* Instructions to follow *
What you return should be only the lines in the entries below between the one holding "La reine Margrethe" and the one holding "Edinson Cavani, Paul", ends included, with every picture left out.

Supplied material below:

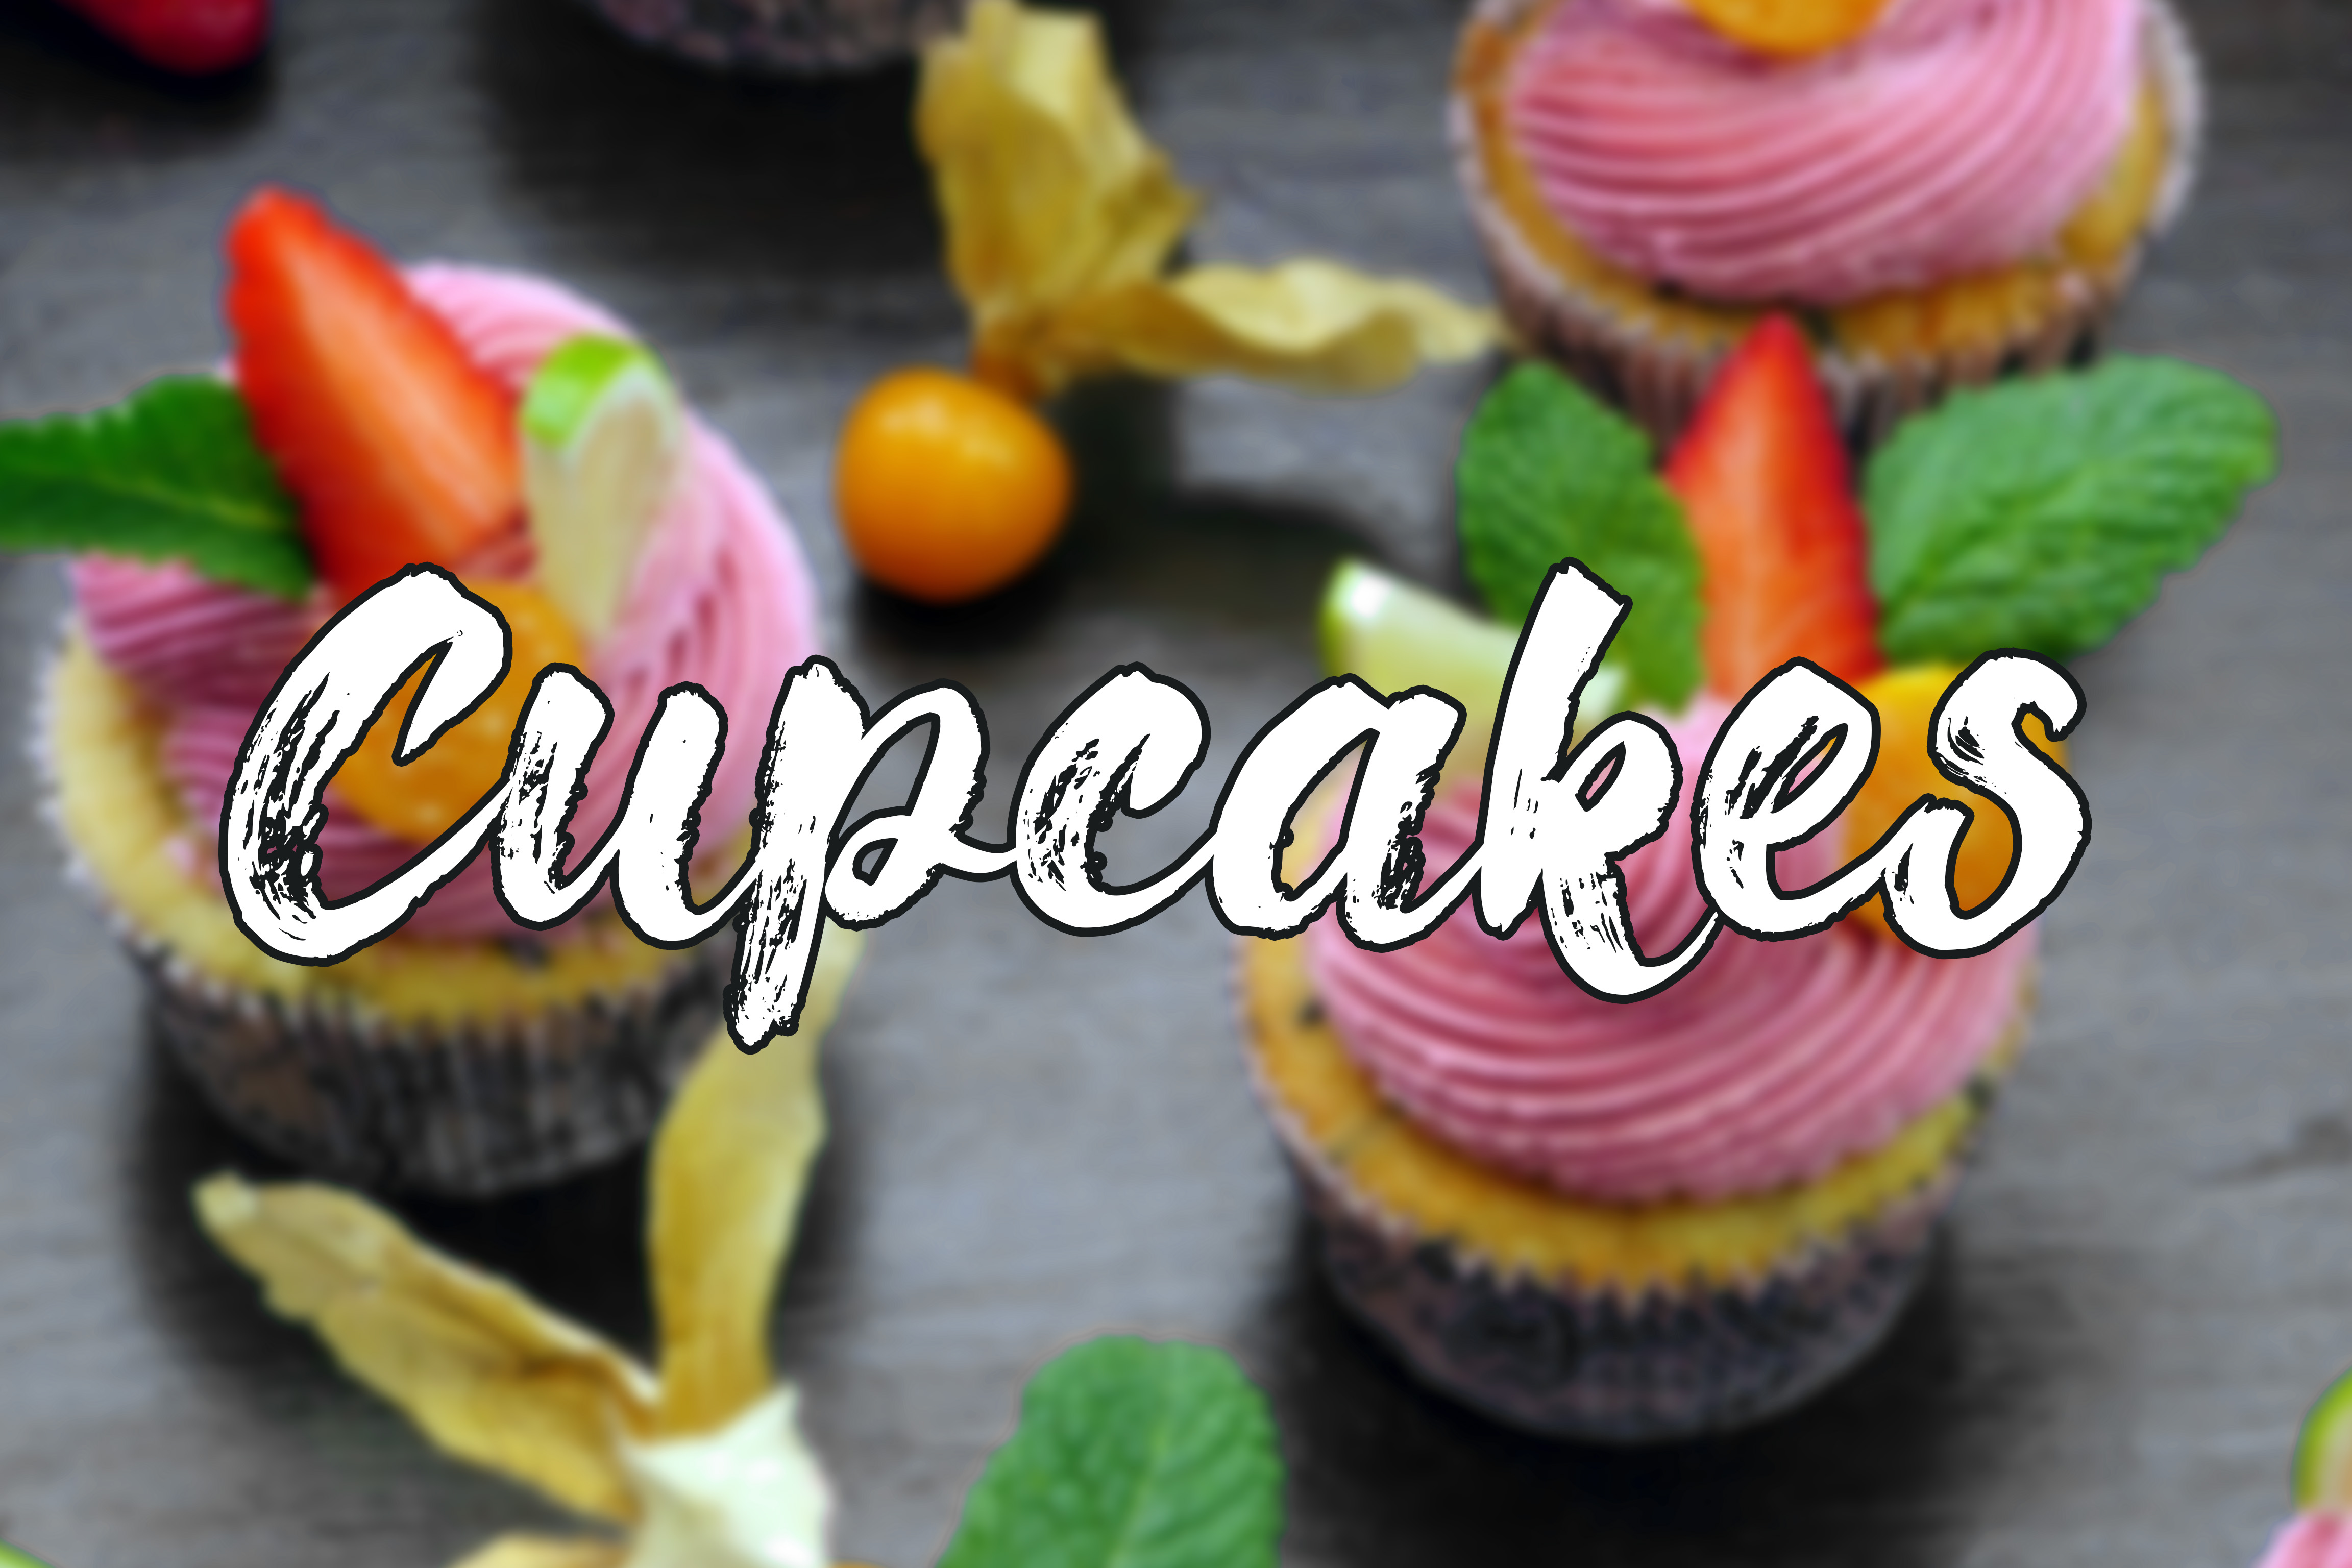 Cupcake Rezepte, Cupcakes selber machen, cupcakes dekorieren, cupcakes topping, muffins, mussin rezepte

End of Supplied material.
Supplied material below:

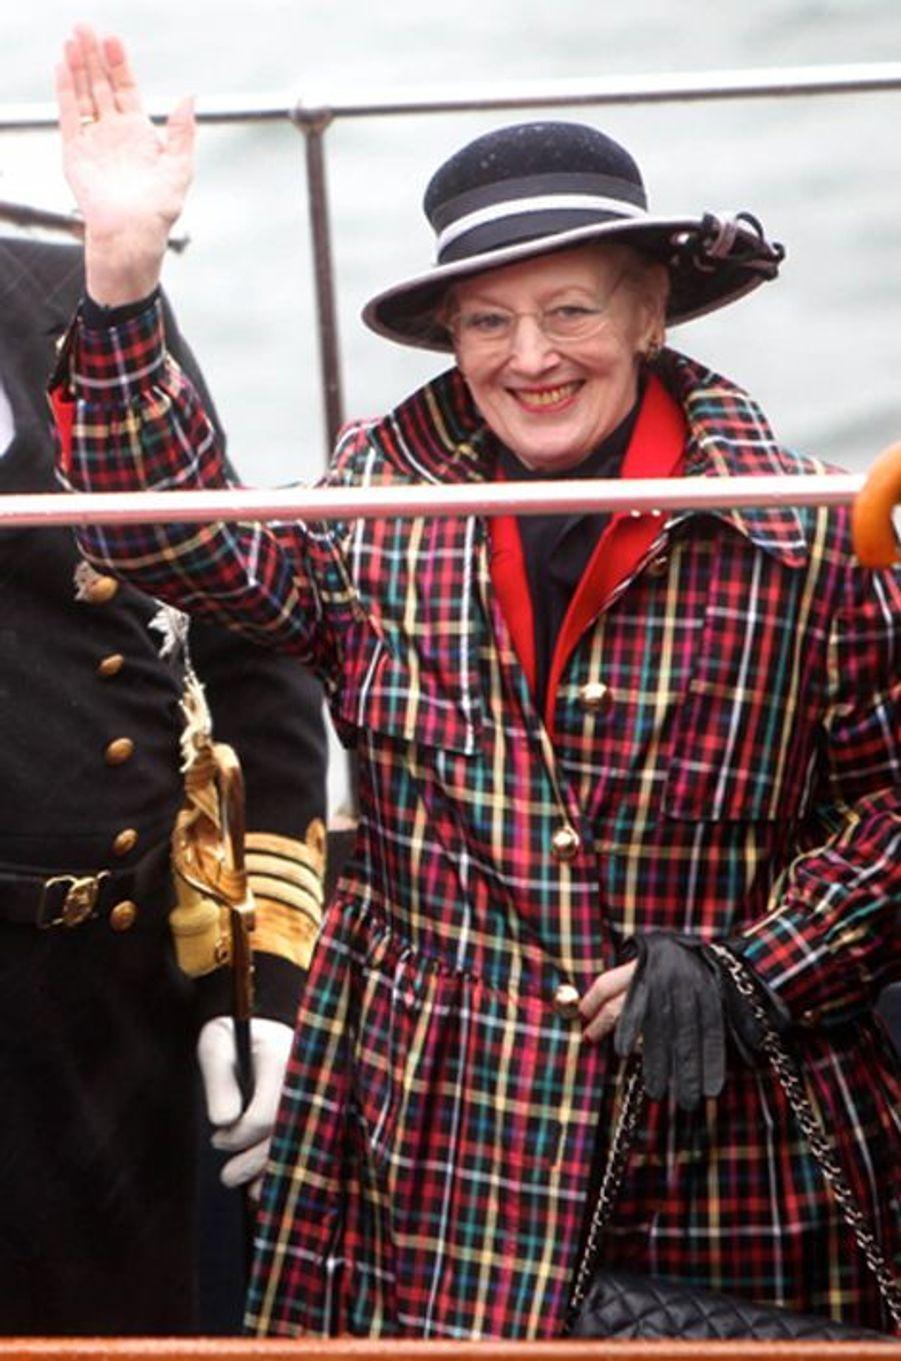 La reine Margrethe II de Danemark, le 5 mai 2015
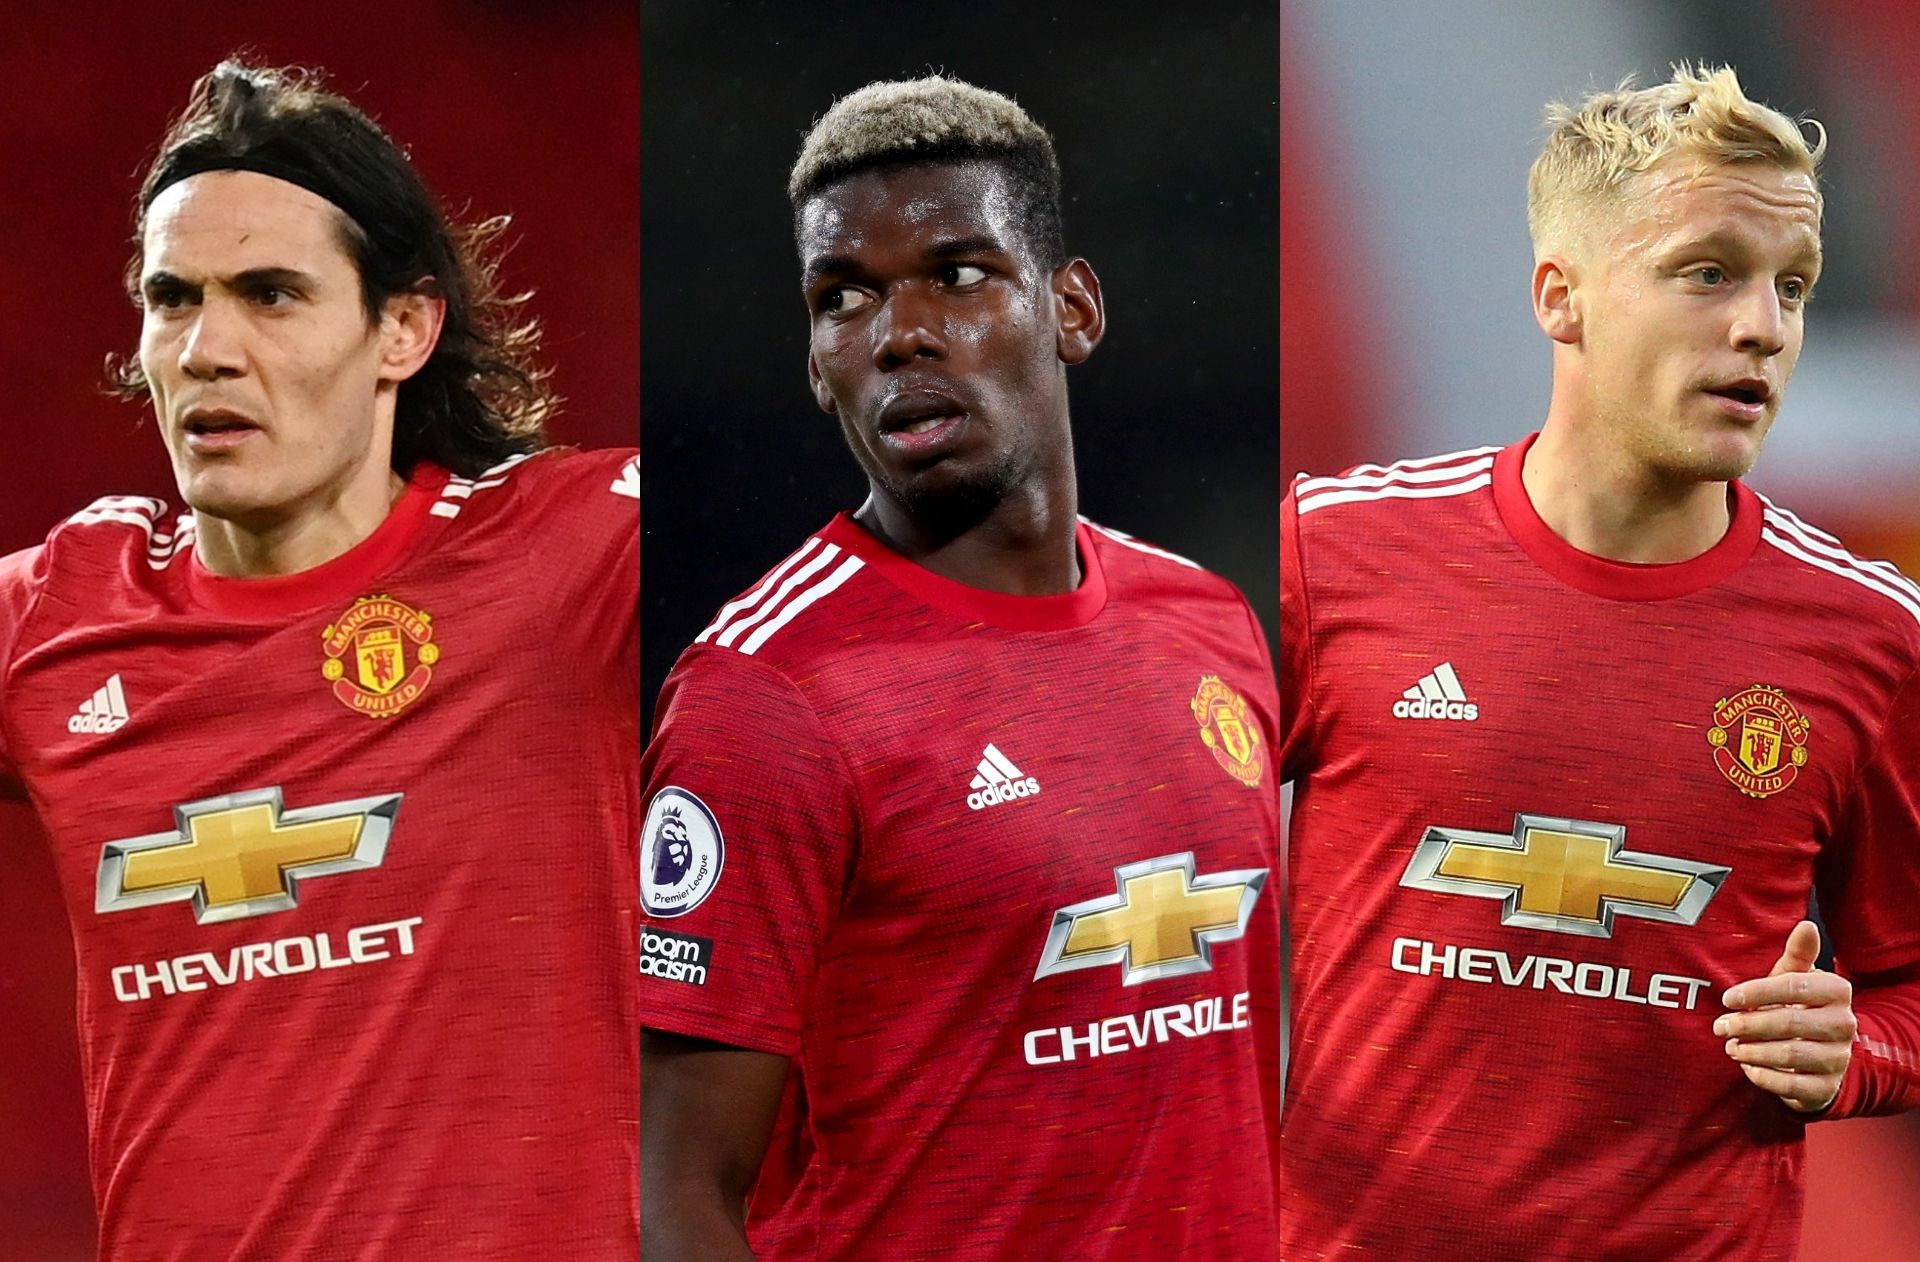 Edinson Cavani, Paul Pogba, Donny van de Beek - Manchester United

End of Supplied material.
Supplied material below:

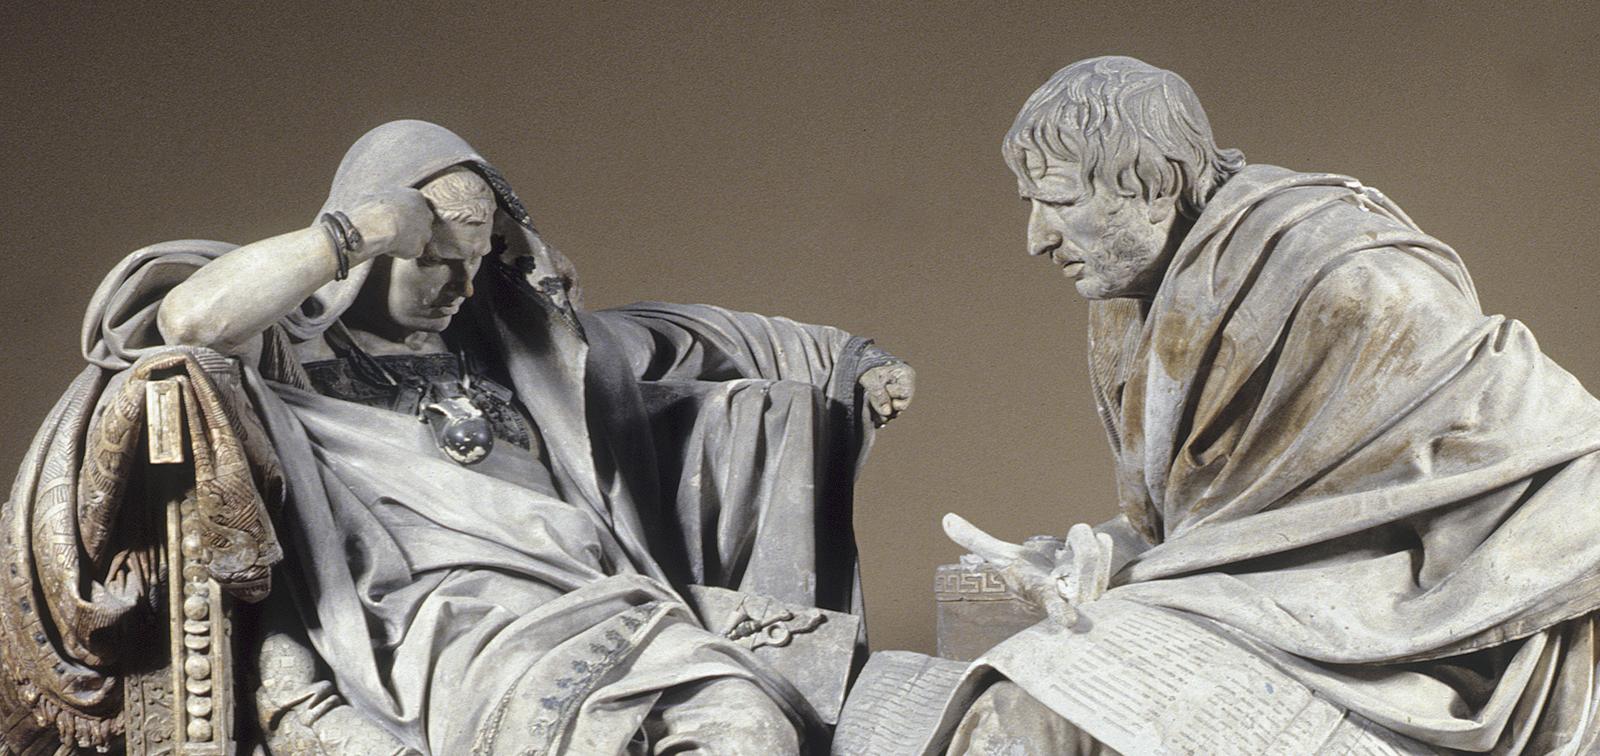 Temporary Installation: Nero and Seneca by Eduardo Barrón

End of Supplied material.

* Output *
 La reine Margrethe II de Danemark, le 5 mai 2015
 Edinson Cavani, Paul Pogba, Donny van de Beek - Manchester United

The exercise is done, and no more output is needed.